Purple gets my vote hands down


----------



## maple_us (Nov 3, 2008)

love the purple, sexy and classy according to me!!


----------



## MACwhore831 (Nov 3, 2008)

I'd choose the purple one that is one hot dress def!!


----------



## CaseyKezerian (Nov 3, 2008)

Definitely the purple one!


----------



## beauty_marked (Nov 3, 2008)

purple or black for sureeeeee. Im leaning more towards the black, but both of them would be a HOT pick


----------



## Kelly78 (Nov 3, 2008)

I say purple too!!!


----------



## jdechant (Nov 3, 2008)

I love the purple one!! I want it!! lol..definitely the purple one!


----------



## Rennah (Nov 3, 2008)

The purple one!


----------



## NicksWifey (Nov 3, 2008)

Purp gets my vote!


----------



## singer92286 (Nov 3, 2008)

purple!!!

i love it!


----------



## Stephie Baby (Nov 3, 2008)

Thanks for the help everyone!! I'm going with the purple one! I called and its on hold for me.


----------



## AlliSwan (Nov 4, 2008)

Purple, no question!


----------



## blinkymei (Nov 4, 2008)

purple for sure!


----------



## hhunt2 (Nov 4, 2008)

Hands down... the purple dress.

Such a beautiful color.  But the back is too racy for me to wear.


----------



## ppalada (Nov 4, 2008)

the purple is so cute!! go with the purple!!


----------



## xxManBeaterxx (Nov 4, 2008)

the purple!!

I have the exact same dress 
	

	
	
		
		

		
		
	


	




 except its in black


----------



## babyjazy21 (Nov 4, 2008)

I looove the purple dress 
	

	
	
		
		

		
			




BTW where did you find that dress?


----------



## florabundance (Nov 4, 2008)

the purple, for def.


----------



## kittykit (Nov 4, 2008)

Love the purple one!


----------



## Stephie Baby (Nov 4, 2008)

I got it at Charlotte Russe. Its gorgeous!! I picked it up today. 
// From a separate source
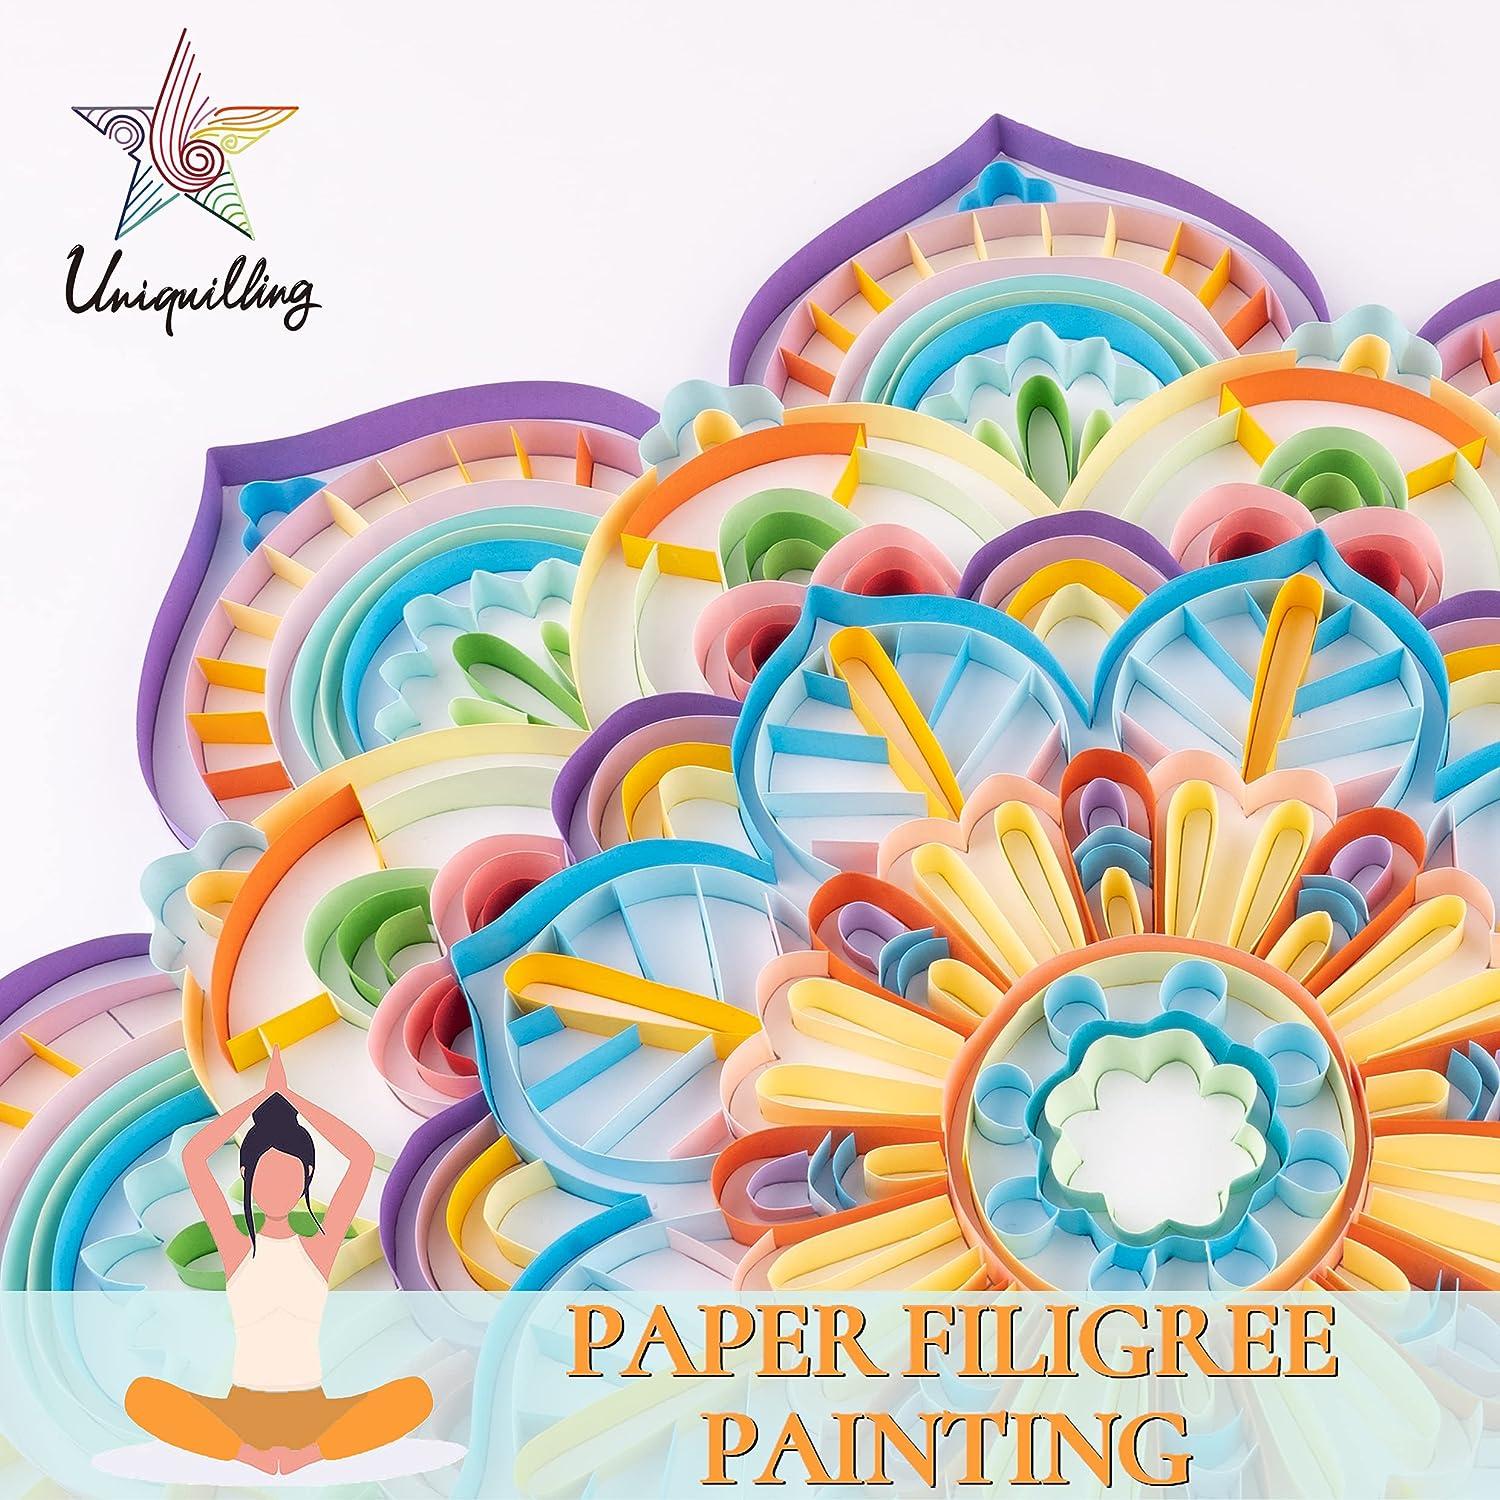  Uniquilling Quilling Paper Quilling Kit for Adults, 8

Charlotte Russe - Dresses: Dressy: Draped Tube Dress


Theres another site that has a teal one.

Magnify (Teal)-Great Glam is the web's top online shop for trendy clubbin styles, fashionable party dress and bar wear, super hot clubbing clothing, stylish going out shirt, partying clothes, super cute and sexy club fashions, halter and tube tops, b


The only problem I have with the dress is the top part. I dont have big boobs and the very top part of the built in bra keeps trying to roll down. Hopefully I can fix it some how.


----------



## carandru (Nov 4, 2008)

^^double sided tape?


----------



## Blushbaby (Nov 5, 2008)

Good choice - am sure it'll look fab on you!


----------



## ShesAFoxyLady (Nov 6, 2008)

Ooh, good choice - the purple one is lovely, might try it myself


----------